I'm having the same function problems with my Seagate Free Agent Pro 500. In addition, when I try to click on Manage USB drive I get the "call Dish to activate USB drive" message. All subsequant attempts to use this function are successful. Looks like Seagate drive users are out of luck. Ironic considering that a rep from Seagate was the guest on the Tech Chat!


----------



## patmurphey (Dec 21, 2006)

My Seagate Free Agent 500 works fine. It looks like there are a couple of issues with the 622 software. One is not dealing correctly with allowing the drive to spin up after sleep mode - easy work-around - just reenter the command. The unable to copy message can be dealt with by powering down the drive and restarting it. Small nuisances in the start up of a very worthwhile feature.


----------



## harsh (Jun 15, 2003)

I have a Free Agent 750 and it works fine. It doesn't deal with reboots, but if you disconnect it from the USB port and re-connect it, it is back. I leave the drive disconnected unless I need to archive something or watch something from the archives.

I should mention that I don't "archive" content that would benefit from trick-play features, so I can't comment on those.


----------



## jcord51 (Feb 1, 2003)

I'm a long time user of Dish equipment but don't know what Trick-play is. Maybe I've been doing it without knowing it's name?


----------



## BarneyC (Jan 9, 2005)

patmurphey said:


> My Seagate Free Agent 500 works fine. It looks like there are a couple of issues with the 622 software. One is not dealing correctly with allowing the drive to spin up after sleep mode - easy work-around - just reenter the command. The unable to copy message can be dealt with by powering down the drive and restarting it. Small nuisances in the start up of a very worthwhile feature.


Thanks for the tips! However, I think $40 is too much to pay for even 'small' nuisances!


----------



## dbconsultant (Sep 13, 2005)

jcord51 said:


> I'm a long time user of Dish equipment but don't know what Trick-play is. Maybe I've been doing it without knowing it's name?


Trickplay=fast forward, pause & rewind functions


----------



## BarneyC (Jan 9, 2005)

I fired up a replacement 622 (Hardware ID RBDD-N) which Dish sent to cure various problems seeing and using my 500gb Seagate Free Agent HDD. Also downloaded SW release 422. No help at all

Problems noted so far:

Pause button does not resume play when pressed a second time.
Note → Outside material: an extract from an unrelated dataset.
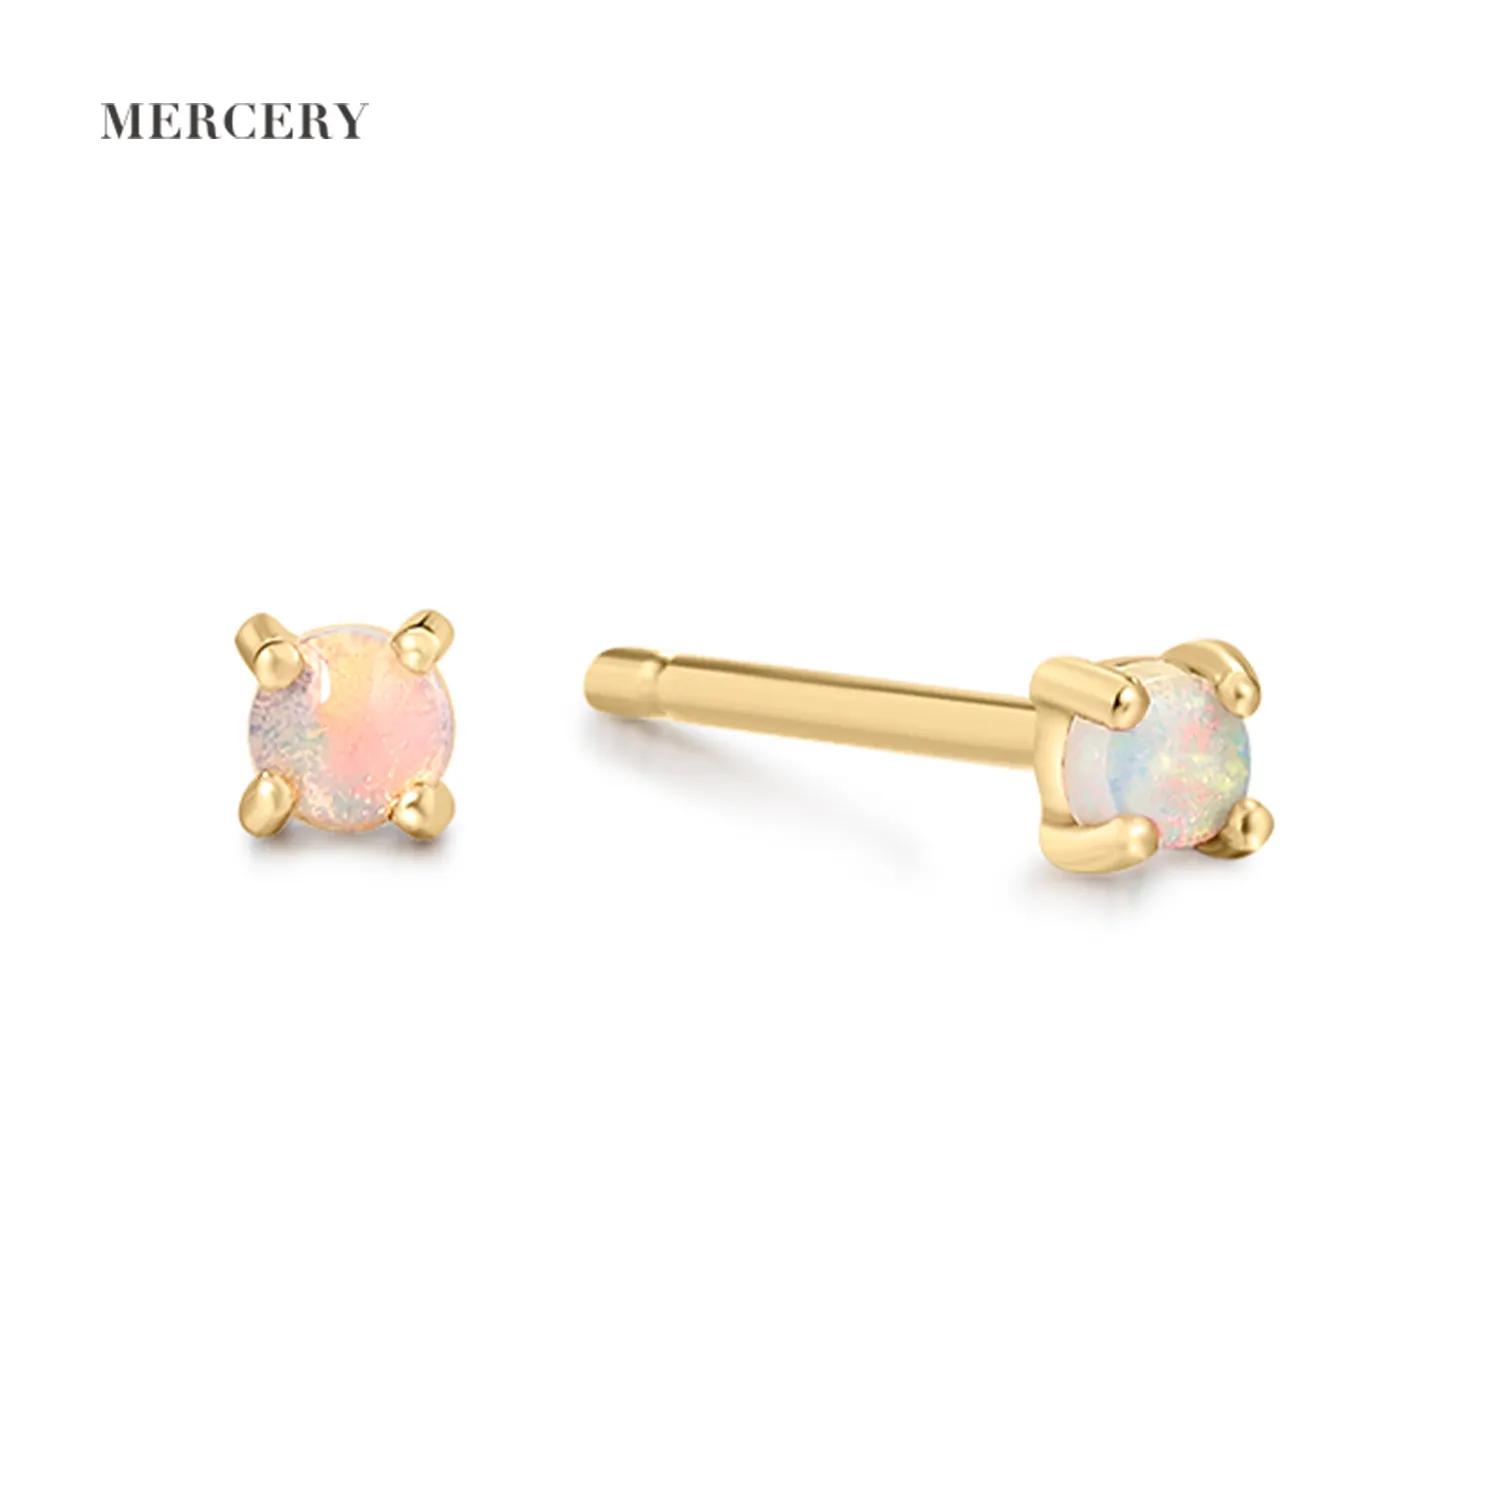 Mercery 925 Silver Earrings Colorful Opal Stud Earrings 14K Gold Plated Earrings Fashion Classic Style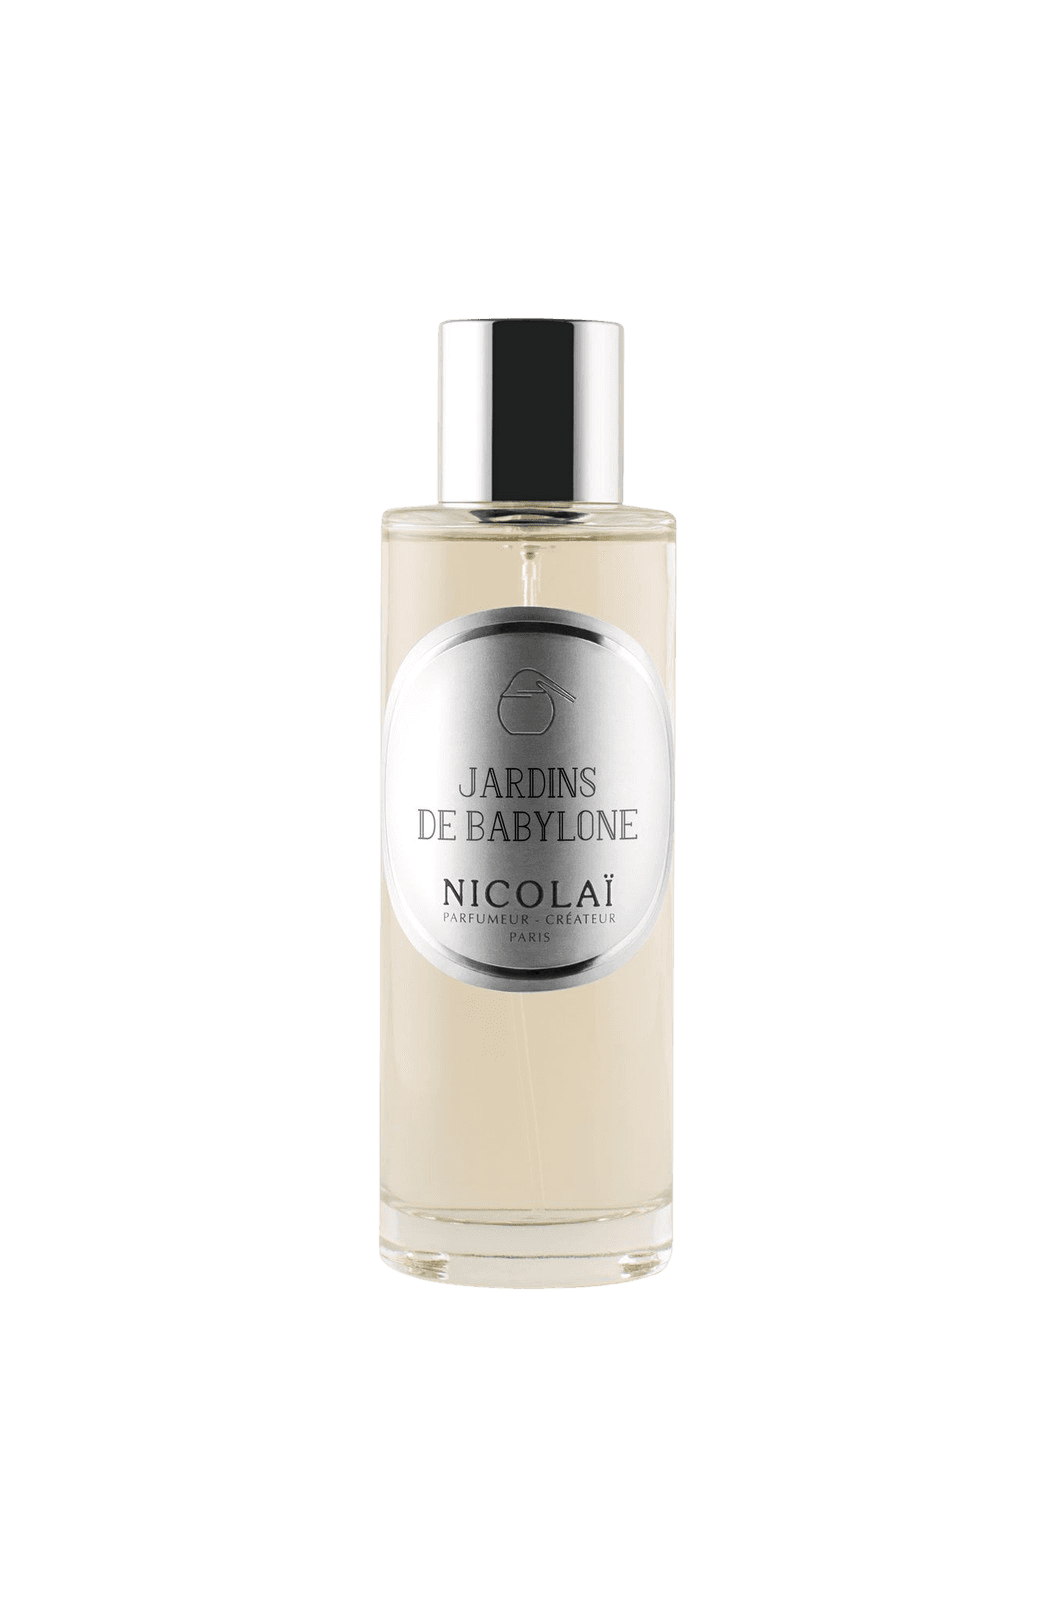 Nicolai Jardins de Babylone Roomspray | Perfume Lounge

Play button does not resume play after pause button pressed, but does resume play when pressed during ff.

After rebooting receiver "Activate HDD" Sceeen appears once, pause and play buttons work correctly for a while then revert back to above.

FIX IT DISH!

B.


----------



## david803sc (Jun 22, 2006)

I have 2 Western Digital My Book 750GB drives one for each of my 622's and I have had no problems at all except when i first access the drive after not using it for awhile I get a pop up saying I need to activate the service, after I clear the message and try again it works fine, I think it is just waking the drive up, but transfers and playback have worked perfectly for me.


----------



## jcord51 (Feb 1, 2003)

dbconsultant said:


> Trickplay=fast forward, pause & rewind functions


So that's what I've been doing for the last seven years with all the PVRs I've owned, since the feature first came out on the Dishplayer:eek2: Thank you


----------



## SamSony (Mar 19, 2007)

1) FreeAgent model - ST305004FDA1E-RK

2) New

3) Not used for anything but the ViP 622

4) At times the trick play functions was screwed up.
Could not delete movies most of the time.
Restore function would copy the movies back to the internal hard drive, 
but did not delete the copy from the external drive.
Would get the message to active the USB port.
Movies would not show up on the drive at times, then reappear later.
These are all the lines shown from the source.